Zawiadomienie w sprawie Marty Lempart, która według wiceministra klimatu i środowiska Jacka Ozdoby "opluła" policjantów, zostało wysłane do prokuratury - poinformował polityk Solidarnej Polski. Sama Lempart tłumaczy, że nikogo nie opluła, bo miała na sobie maseczkę.
W sobotę z okazji 102. rocznicy uzyskania przez kobiety praw wyborczych w całej Polsce odbyły się manifestacje Strajku Kobiet. Największa demonstracja pod hasłem "Warszawa Niepodległa - W imię matki, córki, siostry" odbyła się w stolicy.
Jeszcze w sobotę wiceminister Jacek Ozdoba z Solidarnej Polski przekazał, że złoży zawiadomienie do prokuratury w związku z zachowaniem podczas protestu jednej z liderek Strajku Kobiet, Marty Lempart.

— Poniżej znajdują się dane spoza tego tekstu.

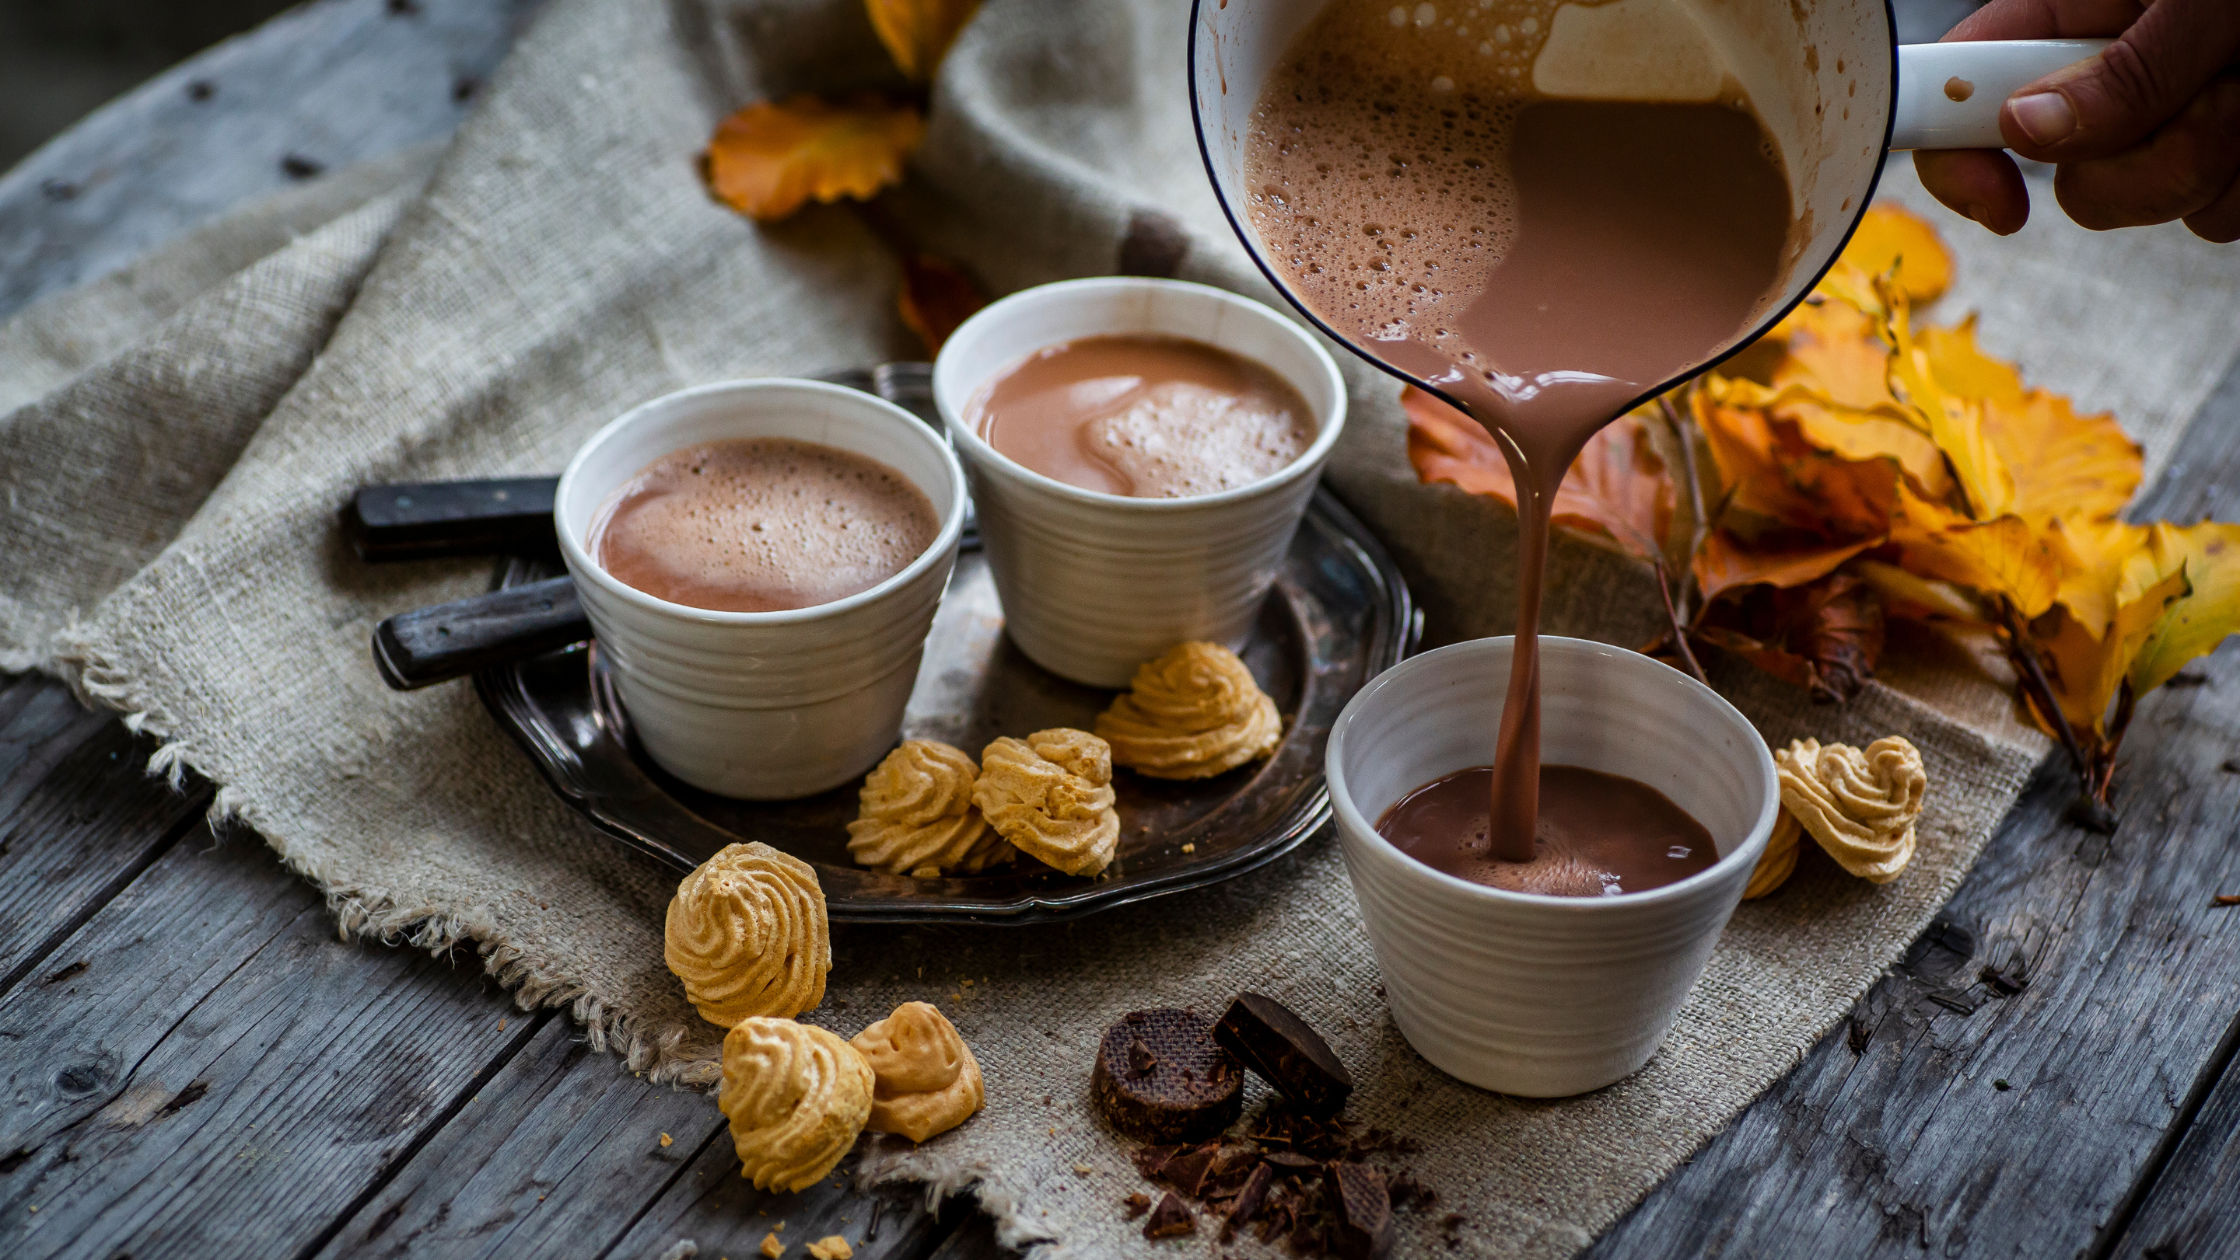 Sipping Wellness: Nutrient-Rich Hot Chocolates and Local Apple Cider

W zawiadomieniu, które opublikował na Twitterze, czytamy, że "28 listopada 2020 r. w Warszawie, w okolicach Pl. Konstytucji około godz. 16.30 p. Marta Lempart znieważyła funkcjonariuszy publicznych poprzez oplucie oraz używanie wobec nich słów wulgarnych podczas i w związku z pełnieniem przez policjantów obowiązków służbowych".
"Marta Lempart mogła dopuścić się bezpośredniego narażenia utraty zdrowia bądź życia"
W poniedziałek Ozdoba poinformował, że zawiadomienie zostało przesłane do prokuratury.
"Zachowanie p. Marty Lempart polegało na kierowaniu wobec funkcjonariuszy słów wulgarnych powszechnie uważanych za obraźliwe. Ponadto Marta Lempart mogła dopuścić się bezpośredniego narażenia utraty zdrowia bądź życia funkcjonariuszy, albowiem w dobie epidemii opluła policjantów" - napisał wiceminister w zawiadomieniu. Według Ozdoby czyn ten wypełnia znamiona określone w art. 226 Kodeksu karnego.
Ozdoba dołączył nagranie wideo ilustrujące zachowanie Lempart. "Imię, nazwisko i numer służbowy. Taka z was k... policja. Tfu. Prawa nie stosujecie, w ogóle. Ostatnia stąd wyjdę. Będziecie tu stali do jutra, jak chcecie. Wyp..." - mówi na nagraniu Lempart, która cały czas ma założoną na usta i na nos maseczkę.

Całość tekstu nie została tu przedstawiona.